[ASSIGNMENT] For the entries below, the result should be an exact transcription of the lines from the one with "Golden Eagles score" up to and including the one with "Chris Tucker: I", and only those.

[DATA RECORDS]

============================================================

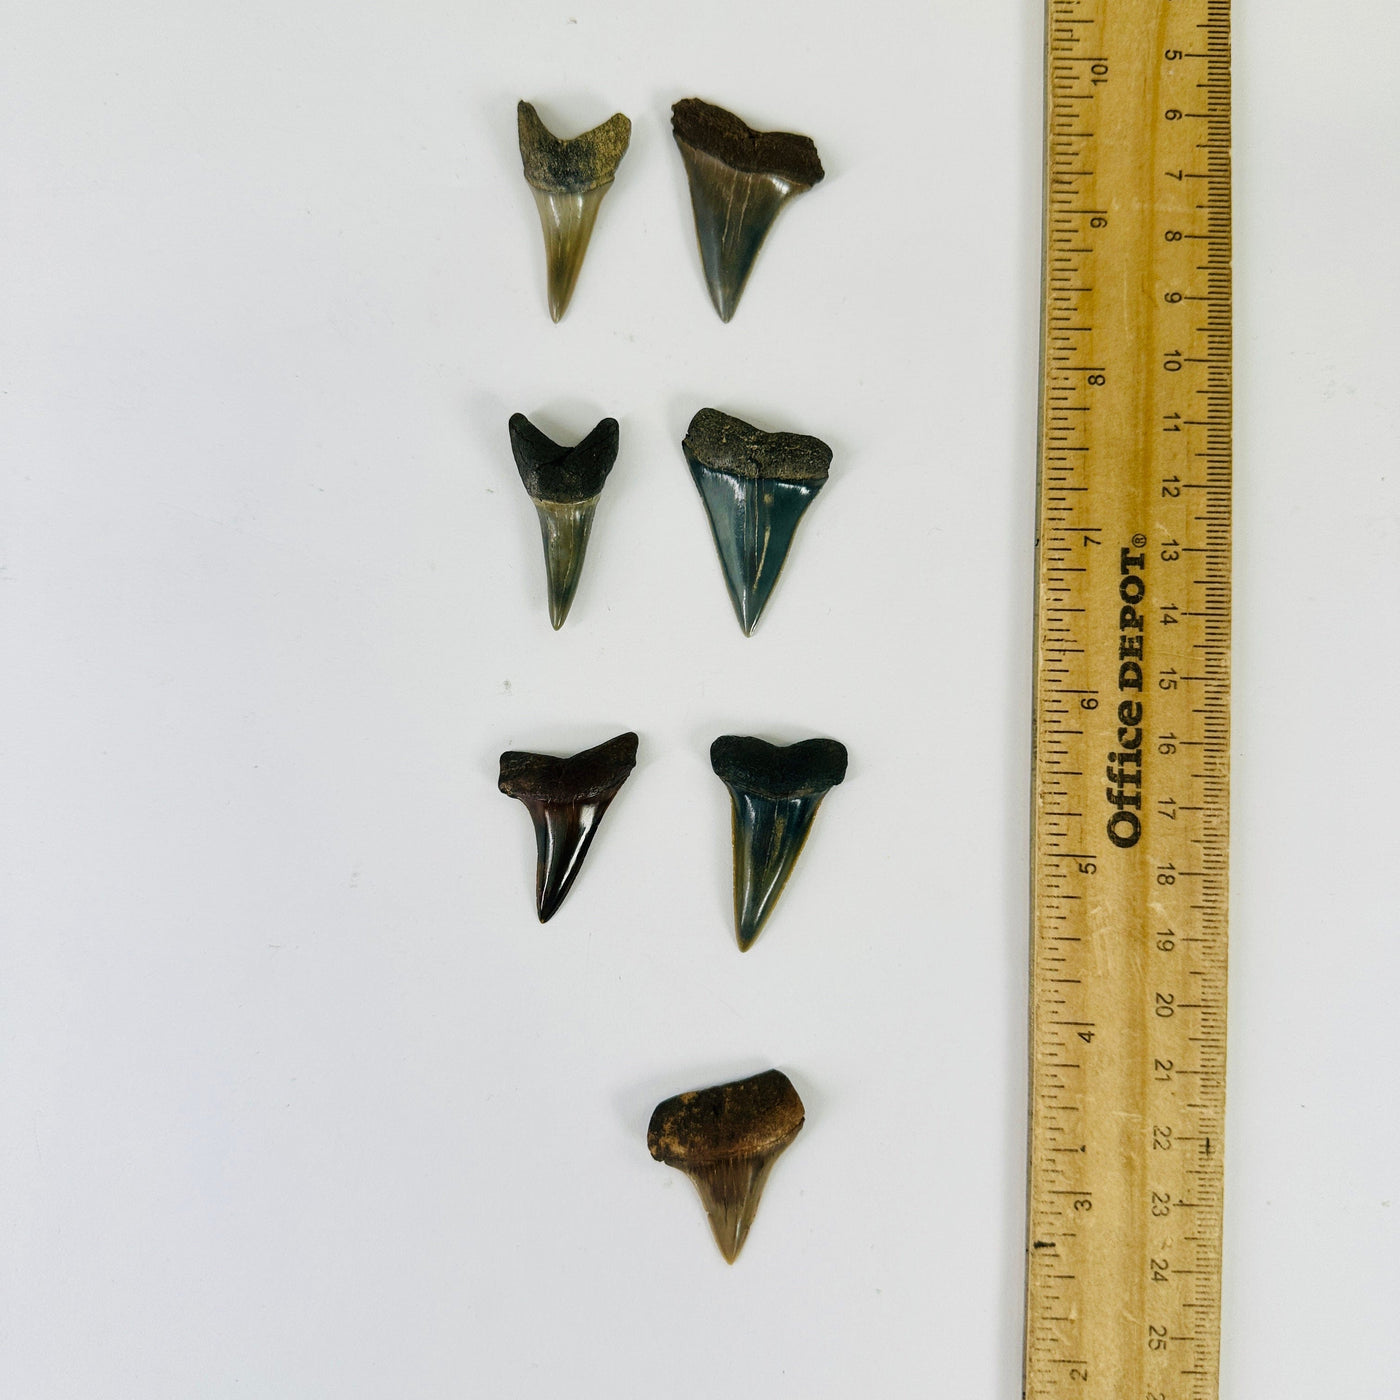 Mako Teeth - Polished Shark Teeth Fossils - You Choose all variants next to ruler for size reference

============================================================

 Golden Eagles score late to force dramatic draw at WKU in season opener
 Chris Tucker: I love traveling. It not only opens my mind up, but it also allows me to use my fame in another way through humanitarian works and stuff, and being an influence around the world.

============================================================

[RESPONSE TO THIS TASK]
 Golden Eagles score late to force dramatic draw at WKU in season opener
 Chris Tucker: I love traveling. It not only opens my mind up, but it also allows me to use my fame in another way through humanitarian works and stuff, and being an influence around the world.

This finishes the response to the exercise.